Ануся, любимая моя Ануся!
Услышав это, Харламп снова зарыдал в голос, но Кмициц тотчас же обратился к нему со словами:
- А скажи, друже, где ты Володыевского встретил?
- Встретились мы в Ченстохове, где оба на время остановились, дары чудотворной божьей матери приносили. Он сказывал, что едет с невестой в
Краков, к княгине Гризельде Вишневецкой, без ее благословения и согласия Ануся под венец идти не хотела. Девушка в то время была здорова, а
Михал весел, как голубок. “Вот, говорит, господь вознаградил меня за верную службу!” Передо мной похвалялся да зубы скалил, бог ему прости, ведь
в свое-то время спор у нас из-за этой девушки вышел, и мы было драться хотели. Где-то она теперь, бедняжка?
И тут пан Харламп снова зарыдал, но Кмициц остановил его:
- Так ты говоришь, она здорова была? Неужто умерла в одночасье?
- Воистину так, в одночасье. Остановилась барышня у пани Замойской, она как раз с мужем, паном Мартином, в Ченстохове гостила. Михал,
бывало, день-деньской у них сиживал, сетовал на проволочки, говорил, что заждался, эдак им и за год до Кракова не доехать, ведь все их по дороге
привечали. Да и не диво! Такому гостю, такому удальцу всякий рад, а уж кто зазвал его в дом, не вдруг отпустит.

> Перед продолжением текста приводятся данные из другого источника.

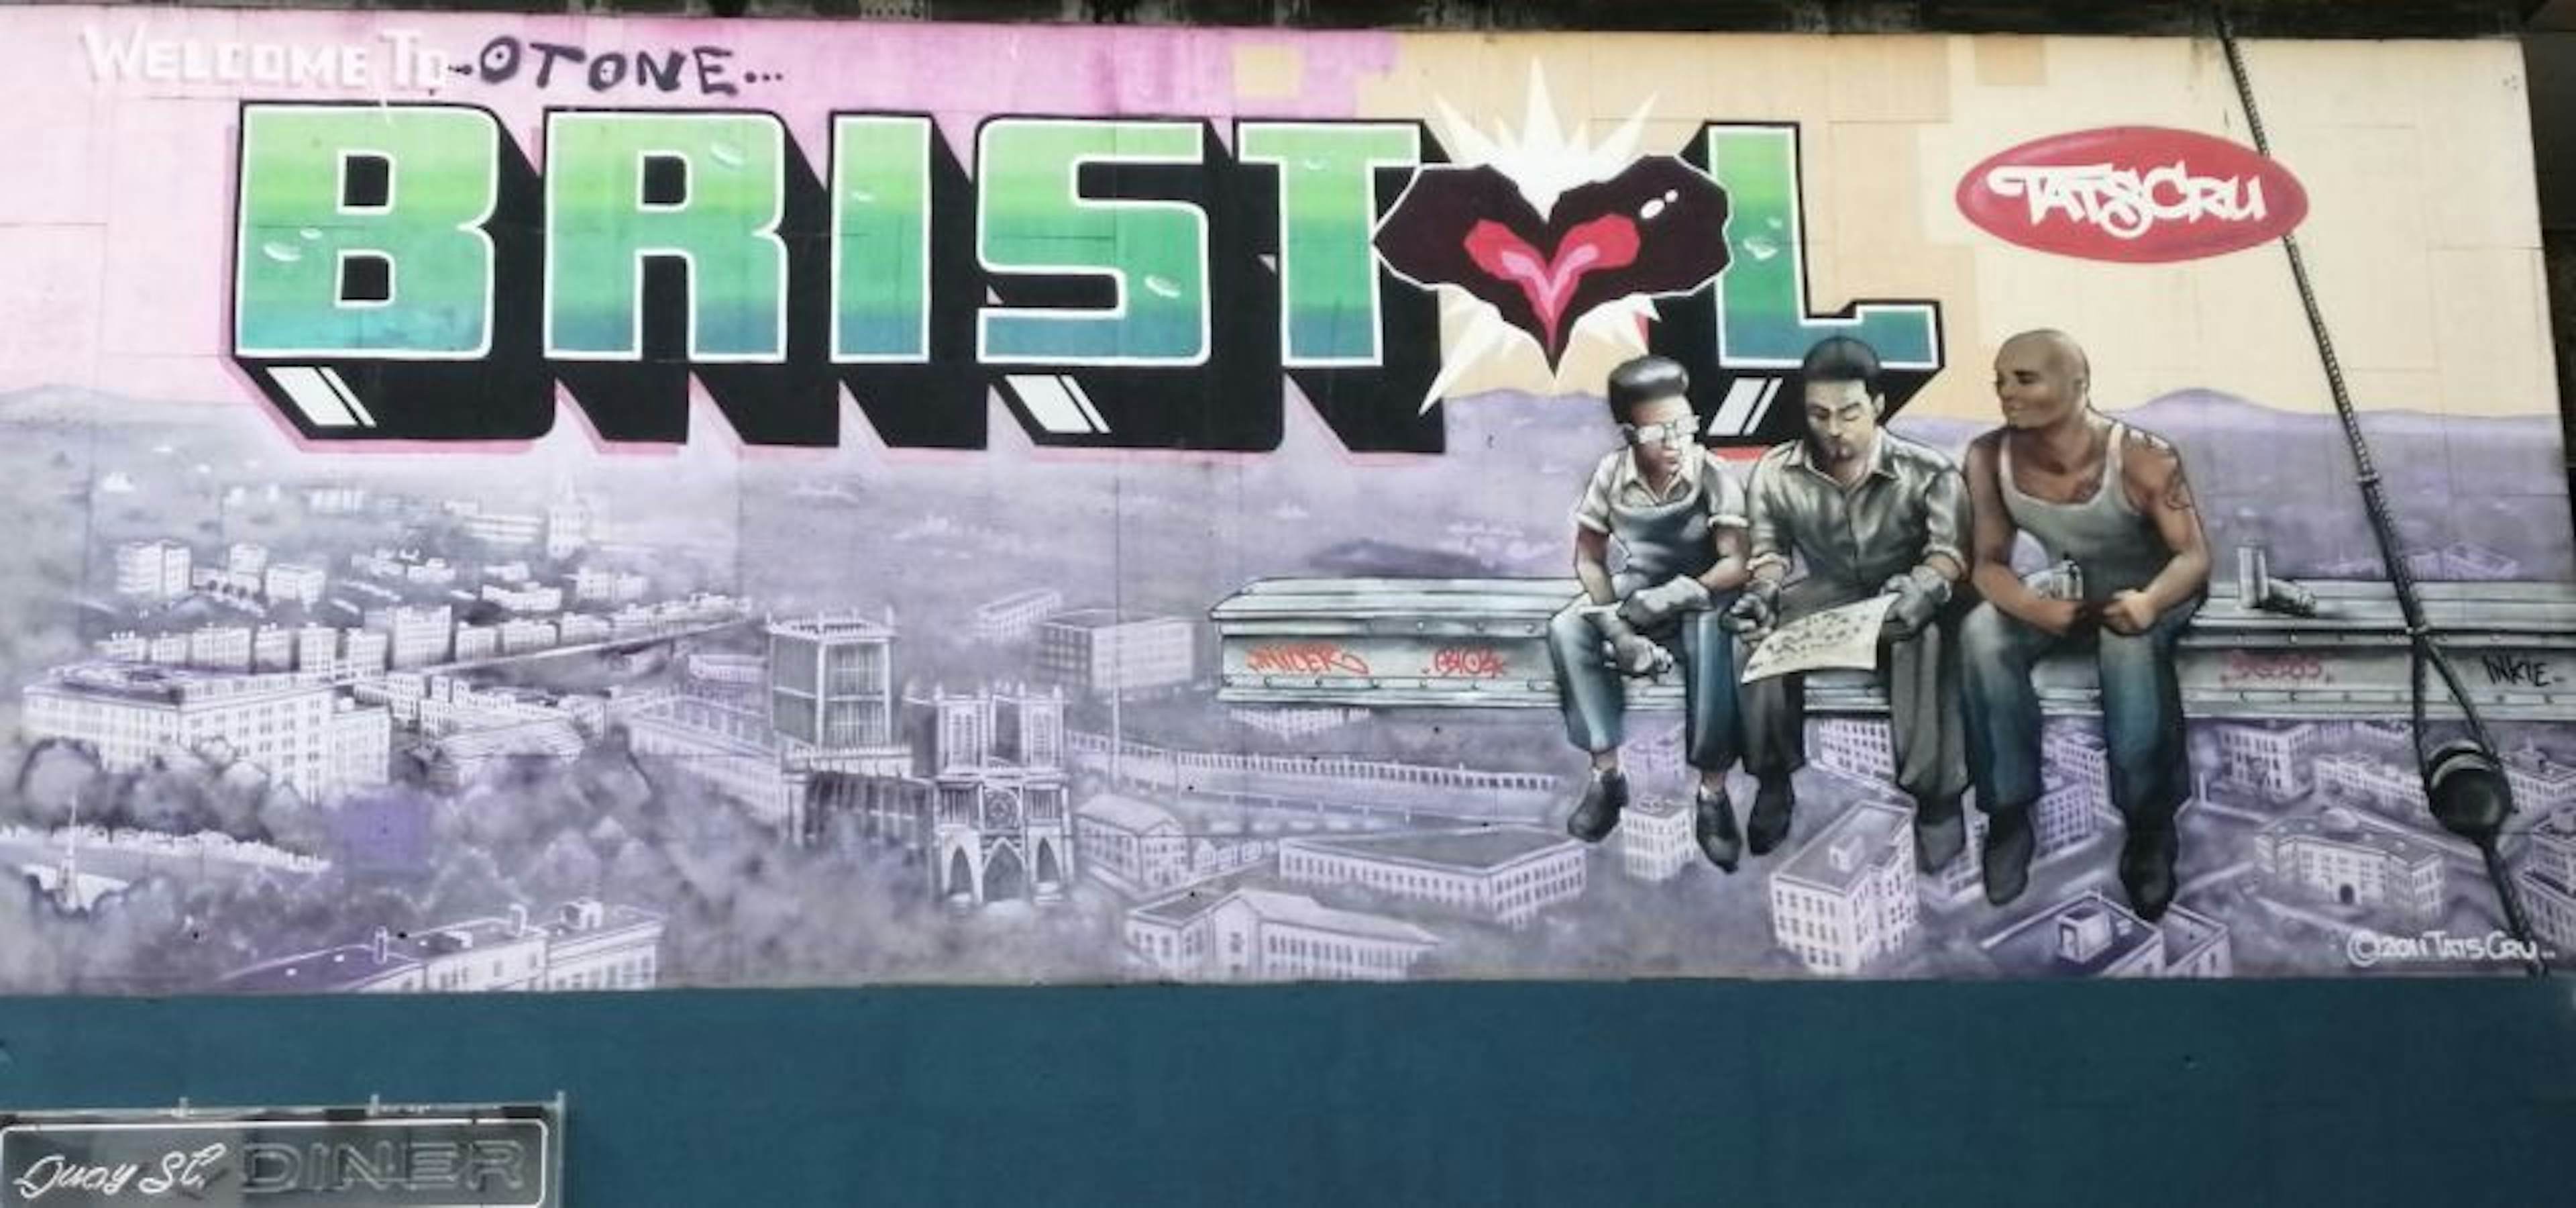 Street Art Bristol: A Trip through the Graffiti Capital image
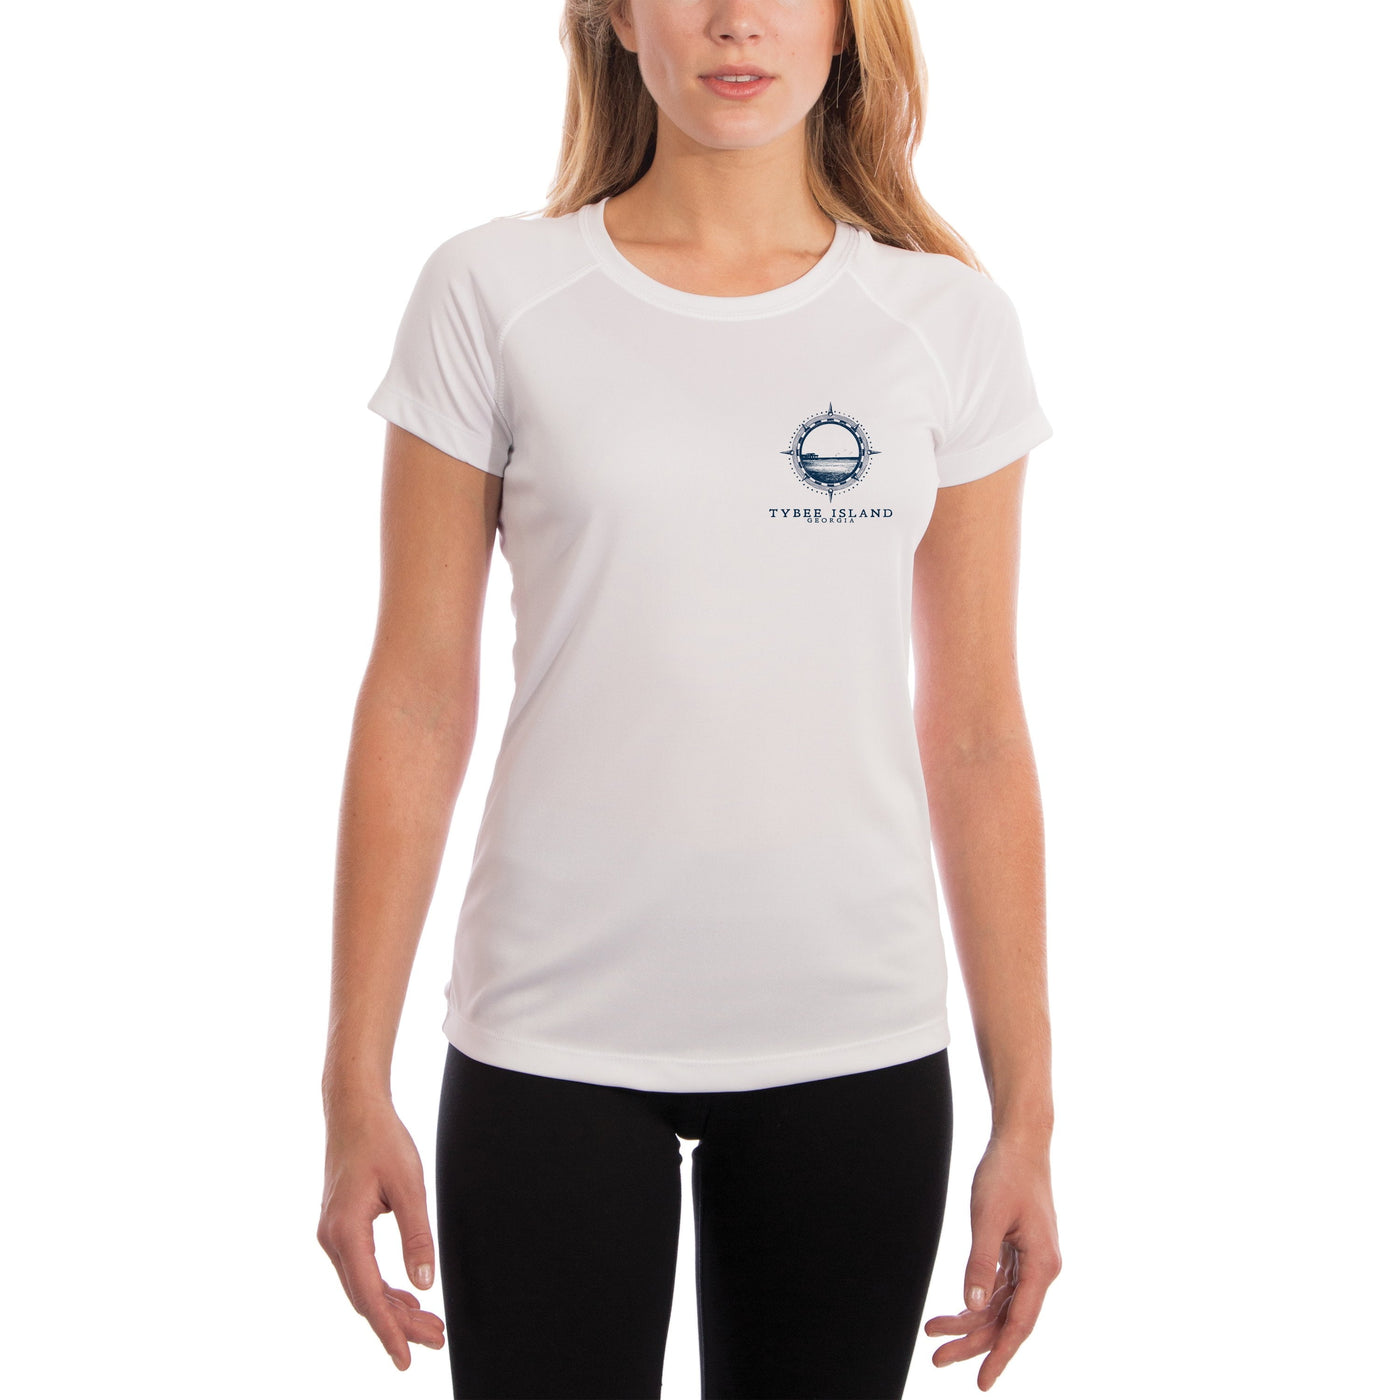 Compass Vintage Tybee Island Women's UPF 50+ Classic Fit Short Sleeve T-shirt

Михал и к барышне меня отвел,
еще и шутил: вздумаешь за ней волочиться - зарублю. Да только ей без него белый свет был не мил. А меня, бывалоча, тоска разбирала, хоть волком
вой: вот дожил до седин, а все один как перст. Ах, да полно! Но вот как-то ночью прибегает ко мне Михал - лица на нем нет.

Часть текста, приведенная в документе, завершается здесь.